# NLP Disaster Tweets - Classification #2 - Pretrained Embeddings in Linear NN

This kernel includes codes and ideas from...
- https://medium.com/@dhartidhami/understanding-bert-word-embeddings-7dc4d2ea54ca

Others:
- Compatible with Google Colab and Kaggle as runtime
- CUDA support

# Import Libraries

In [None]:
import os
import torch
DEVICE = torch.device("cuda" if torch.cuda.is_available() else "cpu")
print(f'Running on {DEVICE}')

# running in google colab
if 'google.colab' in str(get_ipython()):
    BASE_PATH = './drive/MyDrive/Colab/data/'
    BASE_PATH_PRETRAINED = './drive/MyDrive/Colab/pretrained/'
    from google.colab import drive
    drive.mount('/content/drive')
    import nltk
    nltk.download('stopwords')
    !pip install tokenizers

# running interactively in kaggle
elif get_ipython().config.IPKernelApp.connection_file.startswith('/root/.local/share'):
    BASE_PATH = '/kaggle/input/'
    BASE_PATH_PRETRAINED = '/kaggle/input/'
    
# running as background job in kaggle
elif 'SHLVL' in os.environ:
    BASE_PATH = '/kaggle/input/'
    BASE_PATH_PRETRAINED = '/kaggle/input/'

else:
    BASE_PATH = '../data/'
    BASE_PATH_PRETRAINED = '../pretrained/'

In [None]:
import random
import pprint
import string
from collections import Counter, defaultdict
import locale
locale.setlocale(locale.LC_ALL, locale='')  # for thousands separator via ... print(f'{value:n}')"
import re
from pprint import pprint
import requests
from typing import Callable
import json

import sklearn
import numpy as np
from tqdm import tqdm
import pandas as pd
import torch
from torch import nn
import torch.nn.functional as F
import torchtext
import seaborn as sns
import matplotlib.pyplot as plt
plt.style.use('ggplot')
import matplotlib.ticker
from matplotlib.axes._axes import Axes
import nltk
from tokenizers import normalizers
from tokenizers.normalizers import NFD, StripAccents, Lowercase
from tokenizers import Tokenizer
from tokenizers.models import WordPiece
from tokenizers.trainers import WordPieceTrainer
from tokenizers.processors import TemplateProcessing
from transformers import BertModel
import gensim

my_seed = 42
random.seed(my_seed)
torch.manual_seed(my_seed);

# Load Data

In [None]:
df_source = pd.read_csv(BASE_PATH + 'nlp-getting-started/train.csv')

In [None]:
df_randomized = df_source.sample(frac=1)
NUM_VAL = int(len(df_randomized) * 0.15)

df_train_source = df_randomized[:-NUM_VAL]
df_val_source = df_randomized[-NUM_VAL:]

def replace_nan(df: pd.DataFrame) -> pd.DataFrame:
    df_ = df.copy()
    df_['keyword'] = df_['keyword'].fillna('')
    df_['location'] = df_['location'].fillna('')
    return df_

df_train = replace_nan(df_train_source)
df_val = replace_nan(df_val_source)

df_train

# Preproces
For more details and explanation, see Classification #1 Notebook.

In [None]:
normalizer = normalizers.Sequence([
    NFD(),   # NFD unicode normalization
    Lowercase(),
    StripAccents()  #
])

REGEX_HASHTAG_BEFORE = r'(?<!\S)#(\S+)'
REGEX_HASHTAG_AFTER = r'\1'
def strip_hashtags(tweet: str) -> str:
    return re.sub(REGEX_HASHTAG_BEFORE, REGEX_HASHTAG_AFTER, tweet)

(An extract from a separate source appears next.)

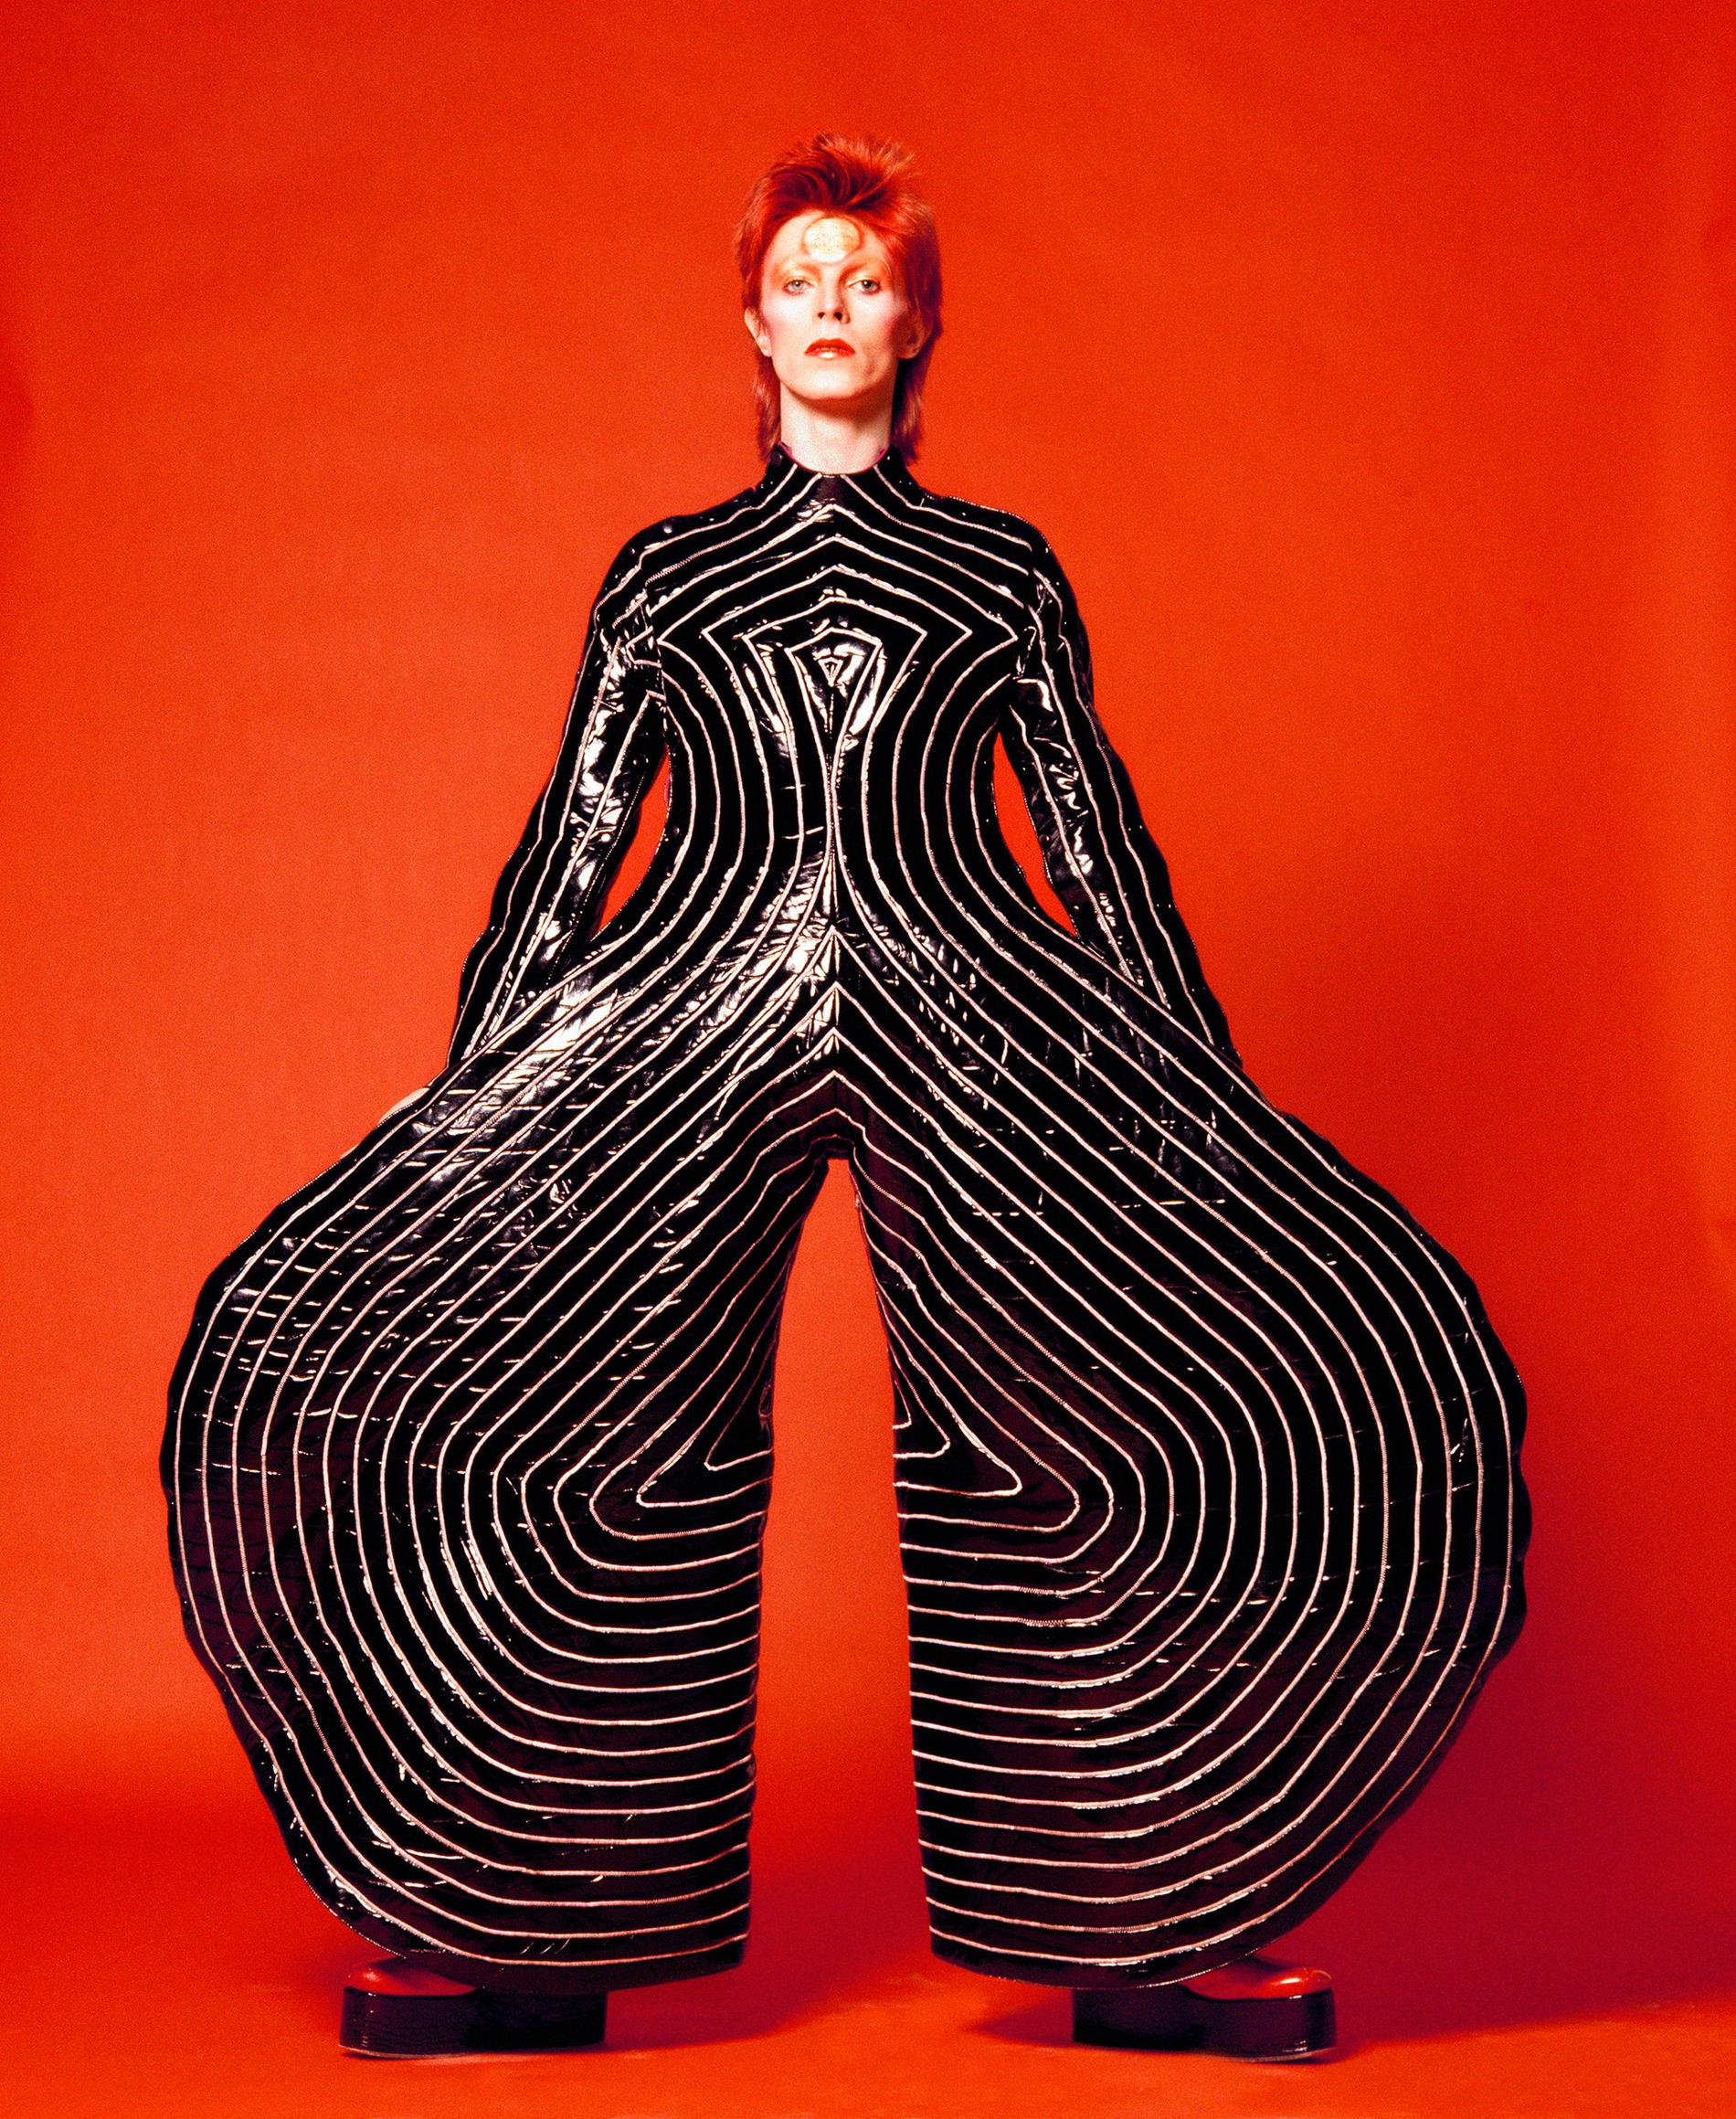 David Bowie skulle lansera Ziggy Stardust i New York där Masayoshi Sukita tog de ikoniska bilderna på den blivande världsstjärnan iklädd en kostym av den japanske designern Kansai Yamamoto. Pressbild.
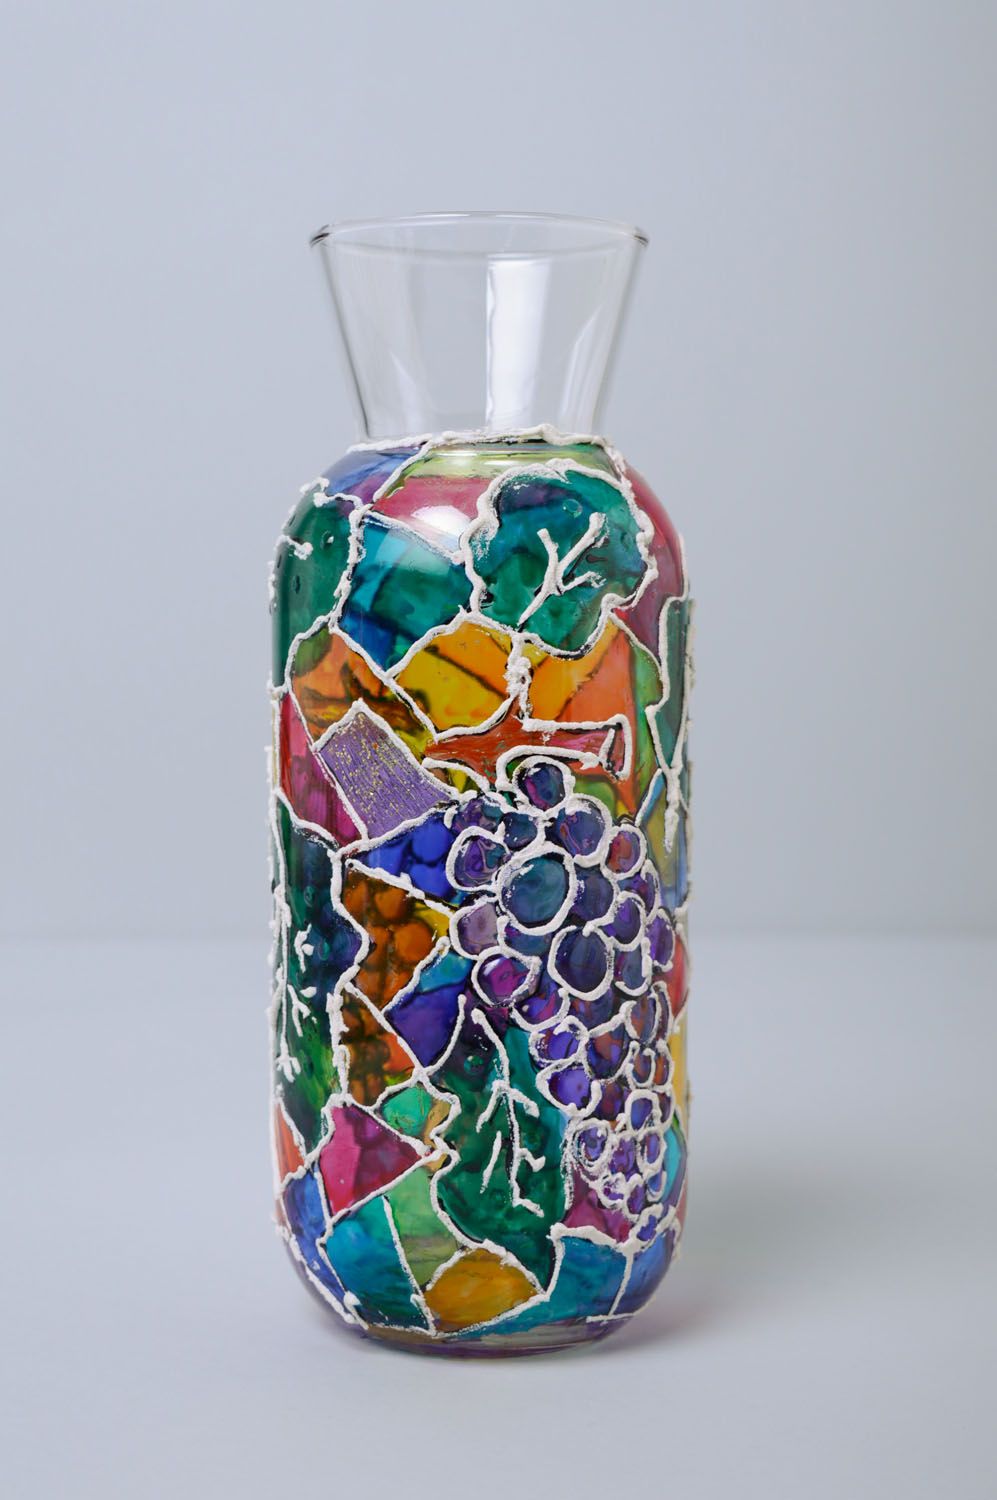 Стеклянная ваза расписанная витражными красками фото 1

punct = re.compile(r'[^\w\s]')
def remove_punctuations(text: str) -> str:
    return punct.sub(r'', text)

dl_url ="https://raw.githubusercontent.com/hyperreality/American-British-English-Translator/master/data/british_spellings.json"
british_to_american_map = requests.get(dl_url).json()
def americanize(text: str):
    tokenized = nltk.tokenize.word_tokenize(text)
    americanized = [british_to_american_map[w] if w in british_to_american_map
                    else w for w in tokenized]
    return ' '.join(americanized)

stop_words = set(nltk.corpus.stopwords.words('english'))
def remove_stopwords(text: str):
    tokenized = nltk.tokenize.word_tokenize(text)
    without_stopwords = [word for word in tokenized if word.lower() not in stop_words]
    return ' '.join(without_stopwords)

spelling_dict = {
    'didnt': "didn't",
    'doesnt': "doesn't",
    'isnt': "isn't",
    'aint': "ain't",
    'wasnt': "wasn't",
    'shouldnt': "shoudn't",
    'im': "i'm",
}
def rectify_spelling(text: str):
    tokenized = nltk.tokenize.word_tokenize(text)
    corrected = [spelling_dict.get(w, w) for w in tokenized]
    return ' '.join(corrected)
    
with open(BASE_PATH + "contractions/english_contractions.json", "r") as f:
    contraction_mapping = json.load(f)
def replace_contraction(tweet: str):
    for contraction, full_form in contraction_mapping.items():
        tweet = re.sub(contraction, full_form, tweet)
    return tweet

In [None]:
ser_train = (df_train['text']
             .apply(normalizer.normalize_str)
             .apply(strip_hashtags)
             .apply(remove_punctuations)
             .apply(americanize)
             .apply(remove_stopwords)
             .apply(rectify_spelling)
             .apply(replace_contraction)
            )

ser_val = (df_val['text']
             .apply(normalizer.normalize_str)
             .apply(strip_hashtags)
             .apply(remove_punctuations)
             .apply(americanize)
             .apply(remove_stopwords)
             .apply(rectify_spelling)
             .apply(replace_contraction)
            )

ser_train

# Word2vec pretrained Embeddings
For mode details and embedding coverage, see Classification #1 Notebook

In [None]:
path = BASE_PATH_PRETRAINED + 'googlenewsvectorsnegative300/GoogleNews-vectors-negative300.bin'
wv = gensim.models.KeyedVectors.load_word2vec_format(path, 
                                                     binary=True)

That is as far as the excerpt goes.